The load-bearing detail: **the model proposes, the host disposes.** The model only ever *requests* a tool call; the host is the gatekeeper that decides whether to actually execute it. That boundary is exactly where human-in-the-loop approval and policy enforcement live, and it's why the host/client split matters rather than being ceremony.

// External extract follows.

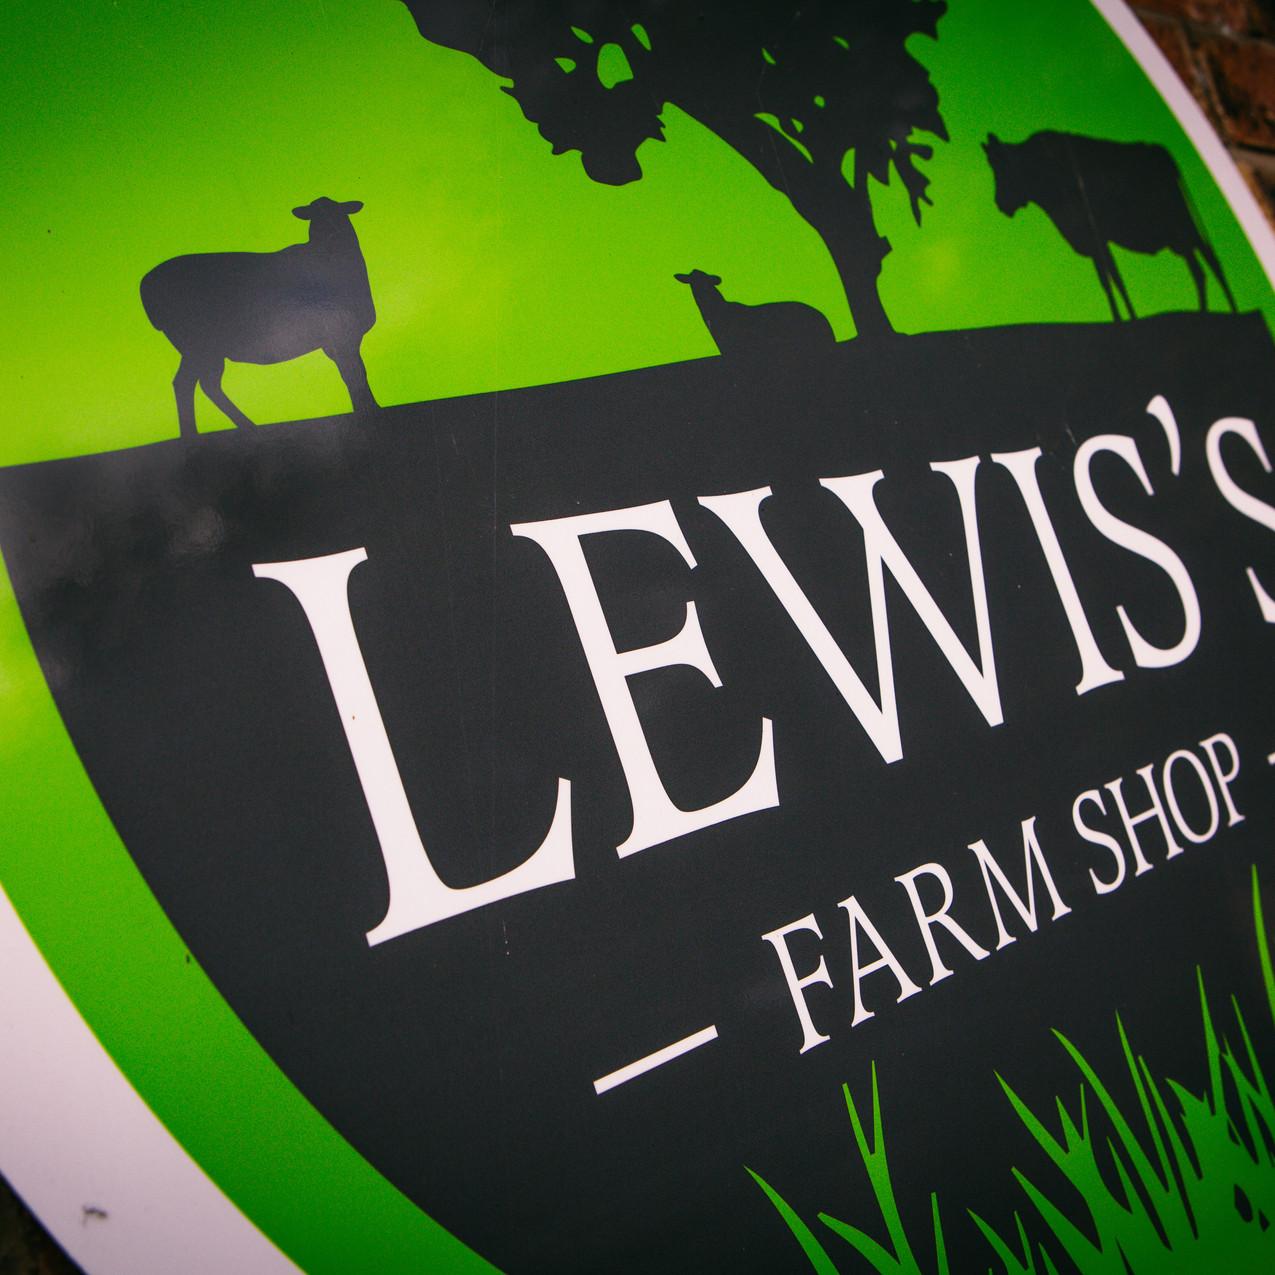 Lewiss-Farm-Shop-Ginger-Pixie-Photograph

**MCP standardizes the plumbing, not the trust — and that's the part teams skip.** An MCP server is code you're letting an AI drive against real systems, and the protocol itself doesn't make that safe. Three things bite. *Prompt injection through tool results:* content a server returns (a web page, an email, a file) can carry instructions the model then follows — a tool result is untrusted data, not a command. *Over-broad tools:* a server with a "run any SQL" or "execute shell" tool hands the model the keys; scope tools tightly and prefer read-only. *Authentication on remote servers:* an HTTP MCP server exposing your systems needs real authn/authz, not an open port. Treat every server you connect like a third-party integration with production access — because that's what it is. Vet it, sandbox it, and keep consequential actions behind explicit approval.

This is the same governance problem that [designing auditable multi-agent systems](regulated-ai-multi-agent-design) grapples with — a standardized tool interface makes integration easy, which makes *controlling* what agents can do the actual hard part. MCP gives you the seam to enforce policy at (the host's approval gate); it doesn't enforce it for you.

## What to carry away

The Model Context Protocol is an open standard that turns the N×M mess of AI-to-tool integrations into N+M by fixing the interface in the middle. Its architecture is **host** (the app with the model), **client** (one per server, inside the host), and **server** (a reusable wrapper around a real system). Servers expose three primitives that encode who's in control — **tools** the model calls, **resources** the app loads, **prompts** the user invokes. It all rides **JSON-RPC** over stdio (local subprocess) or HTTP (remote), starting from a capability handshake.

The flow to remember is that the model only ever *proposes* a tool call and the host decides whether to run it — which is precisely where approval and policy belong. MCP makes connecting capabilities trivial; it deliberately leaves trust to you, so the security work (prompt-injection-aware handling of tool results, tightly scoped tools, real auth on remote servers) is the part that actually determines whether your setup is safe. Write a server once and every host can use it — that reusability is why, a few months after launch, MCP servers are everywhere.